Evelyn Waugh and the Magi 

Evelyn Waugh and the Magi

Some Christmas thoughts. I'm trying to find a quote in Waugh's letters. For now:


And this: a Prayer for the Magi:

“ ‘Like me,’ writes Waugh, ‘you were late in coming. The shepherds were here long before. Even the cattle, they had joined the chorus of angels before you were on your way. For you, the primordial discipline of the heavens was relaxed, and a new defiant light blazed amid the disconcerted stars. How laboriously you came, taking sights and calculating where the shepherds are run barefoot. How odd you looked on the road attended by what outlandish liveries laden with such preposterous gifts. You came at length to the final stage of your pilgrimage and the great star stood still above you, and what did you do? You stopped to call on King Herod with a deadly exchange of compliments which there began that unending war of mobs and magistrates against the innocent. Yet, still, you came and were not turned away. You, too, found room before the manger. Your gifts were not exactly needed, but they were accepted and put carefully by, for they were brought with love. In that new order of charity that had just come to life, there was room for you, too. You were not lower in the eyes of the holy family than the ox or the ass. You were my special patrons and the patrons of all late comers, of all who have a tedious journey to make to the obscure truth, of all who are confused with knowledge and speculation, of all who, through politeness, make themselves partners in guilt, of all who stand in danger by reason of their talent. For him, who did not reject your curious gifts, pray always for all the learned, the oblique, the delegate. Let them not quite be forgotten at the throne of God when the end comes to their kingdom.’ ”

UPDATE: Found it shorter and neater in the letters. Not an easy book to find things in. In this case, not included in references to book about Helena (from which the prayer comes), no reference in index to Gospels or Magi. Now I see I should have looked under Epiphany. Sigh.

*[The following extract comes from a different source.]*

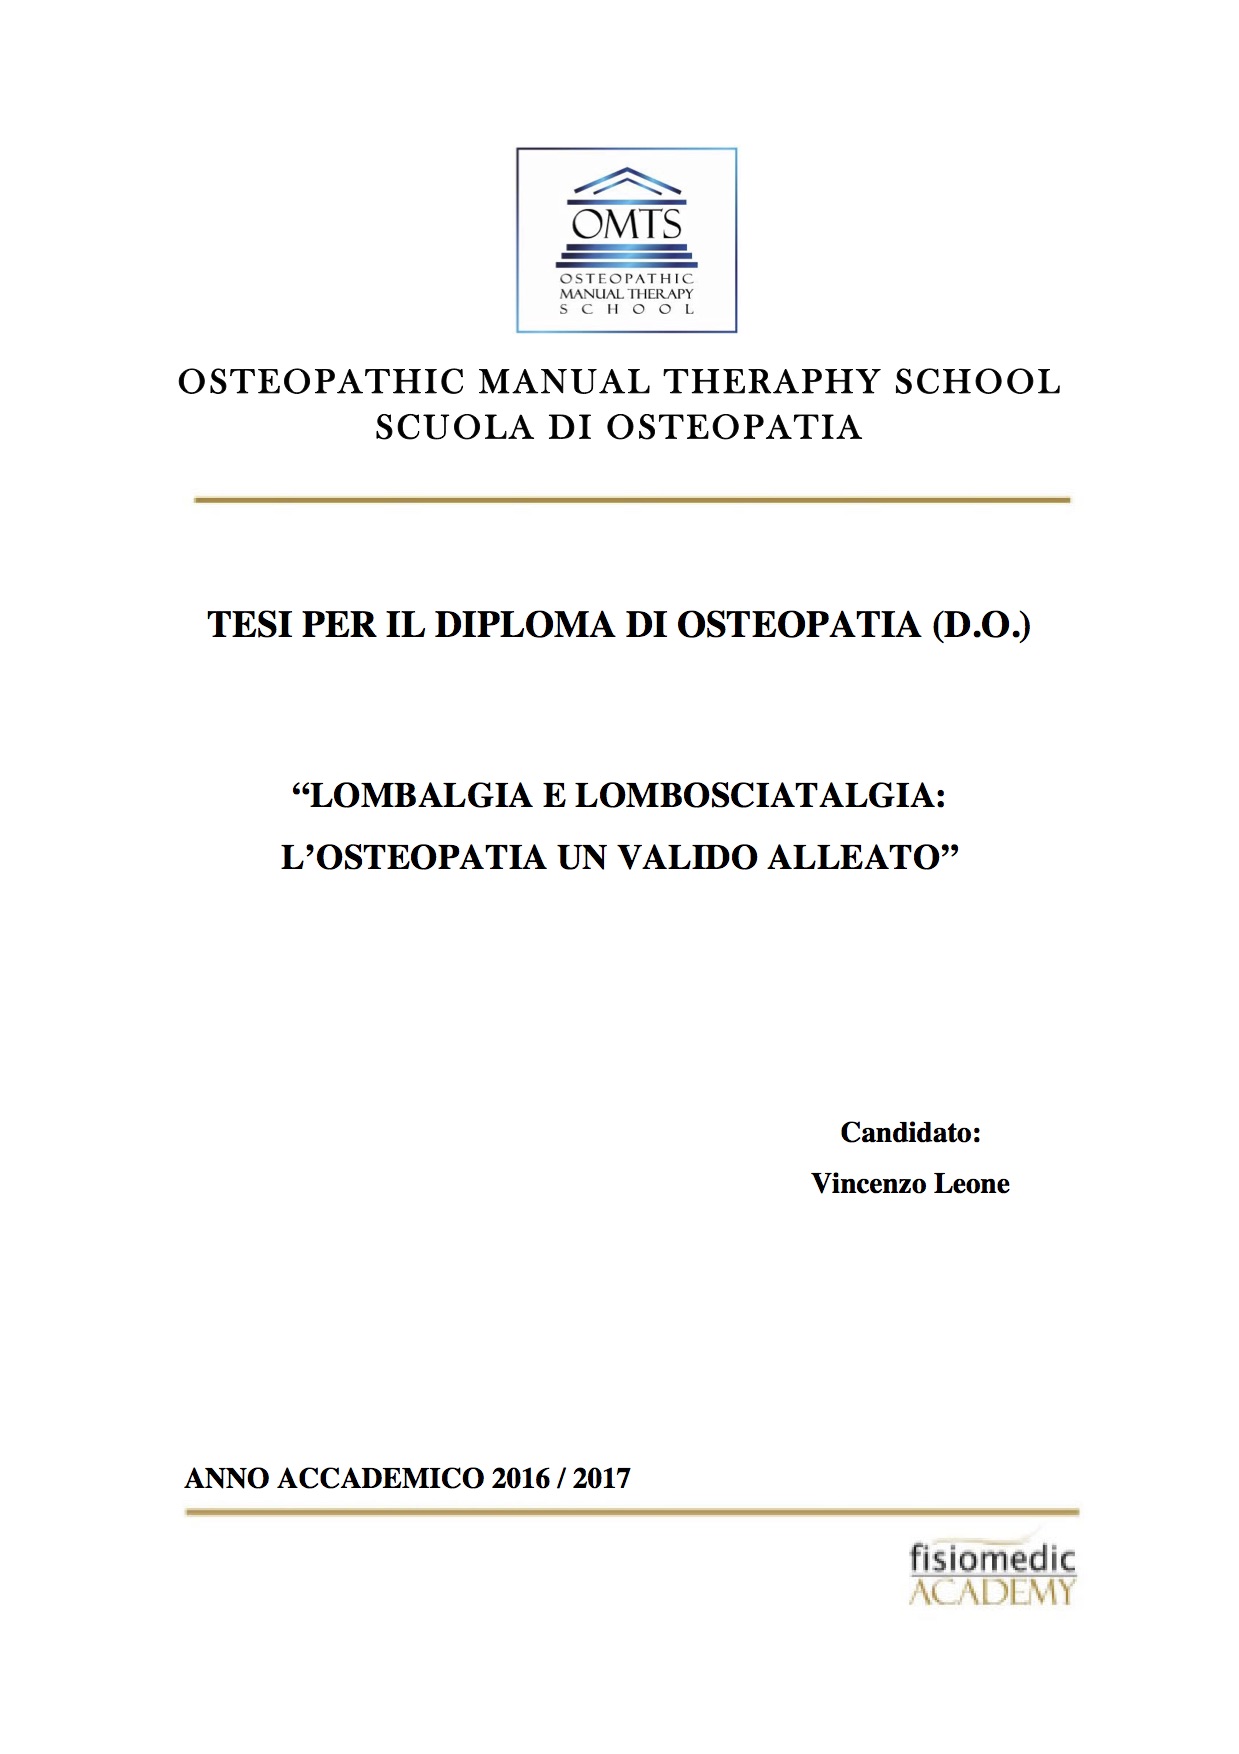 Vincenzo Leone Tesi Diploma Osteopatia 2017
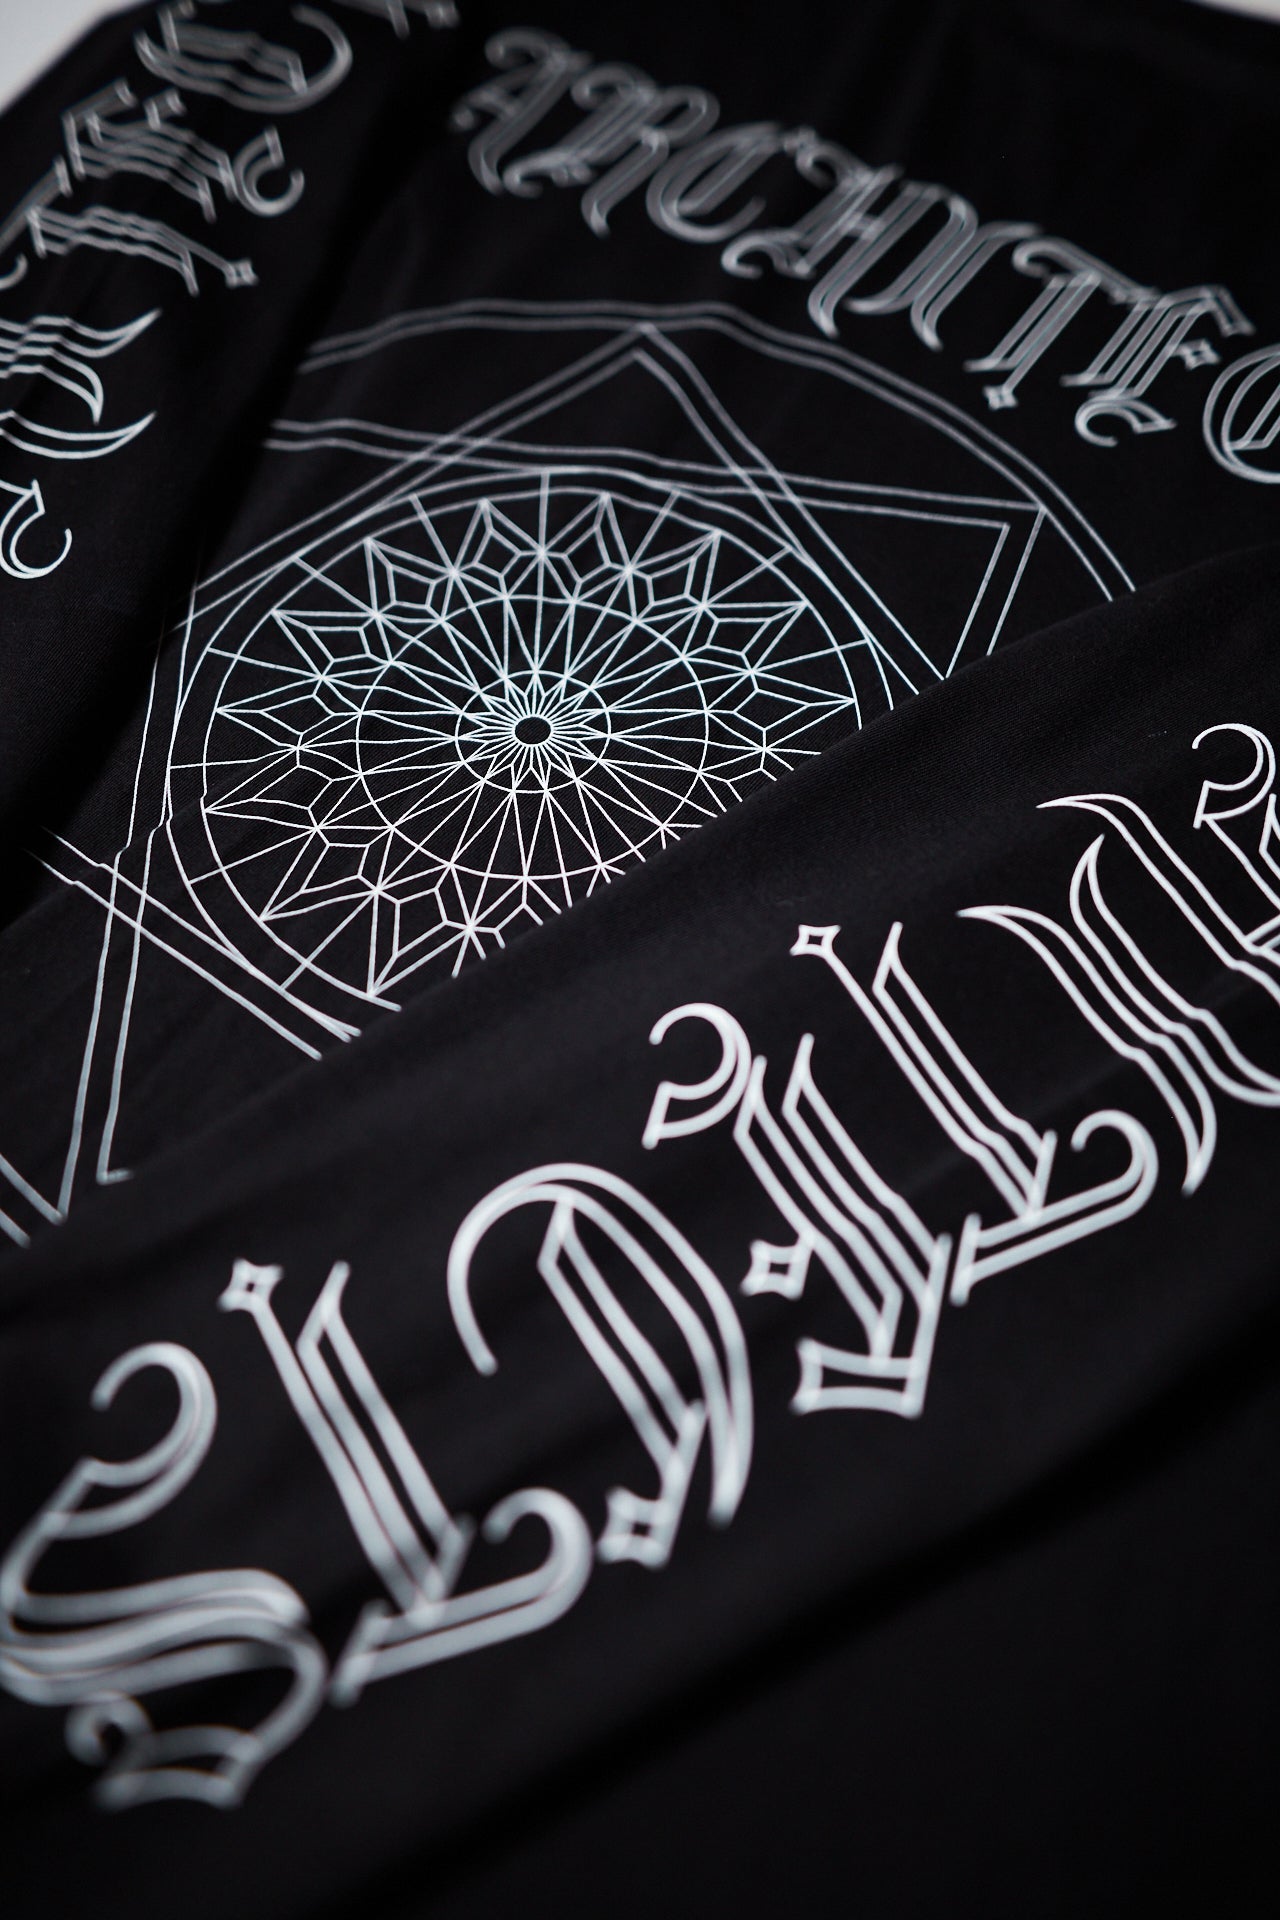 Stained Glass Pentagram Long Sleeve - Black

To Laura Waugh, January 9, 1945 (Evelyn still at war):

[blockquote]Have you ever considered how the Epiphany is the feast of artists. I thought so very strongly this year. After St. Joseph and the angels and the shepherds and even the ox and the ass have had their share of the crib, twelve days later appears an exotic caravan with negro pages and ostrich plumes. They have come an enormous journey across a desert and the splendid gifts look much less splendid than they did when they were being packed in Babylon. The wise men committed every sort of betise--even asking the way of Herod & provoking the massacre of the innocents--but they got there in the end and their gifts were accepted.[/blockquote]

I have always detested Christmas. Now I shall always celebrate the Epiphany instead.

This is very moving to me. Those of us who pride ourselves on some kind of taste, accomplishment, wisdom, feel compelled to pay homage, do so the best way we can, which turns out to be ridiculous or worse, yet we are accepted.

There are lots of references in the letters to Waugh's hatred of Christmas, especially having a lot of kids around.

Then this, from A Tourist in Africa (1960): The opening:

[blockquote]28th December 1958. On the third day after Christmas we commemorate the massacre of the Holy Innocents. Few candid fathers, I suppose, can regard that central figure of slate in Breughel's painting in Antwerp [i.e. Herod] without being touched by sympathy. After the holly and sticky sweetmeats, cold steel.[/blockquote]

Waugh announces with some pride that he made a point of vacationing, alone, beginning a few days after Christmas, for many years.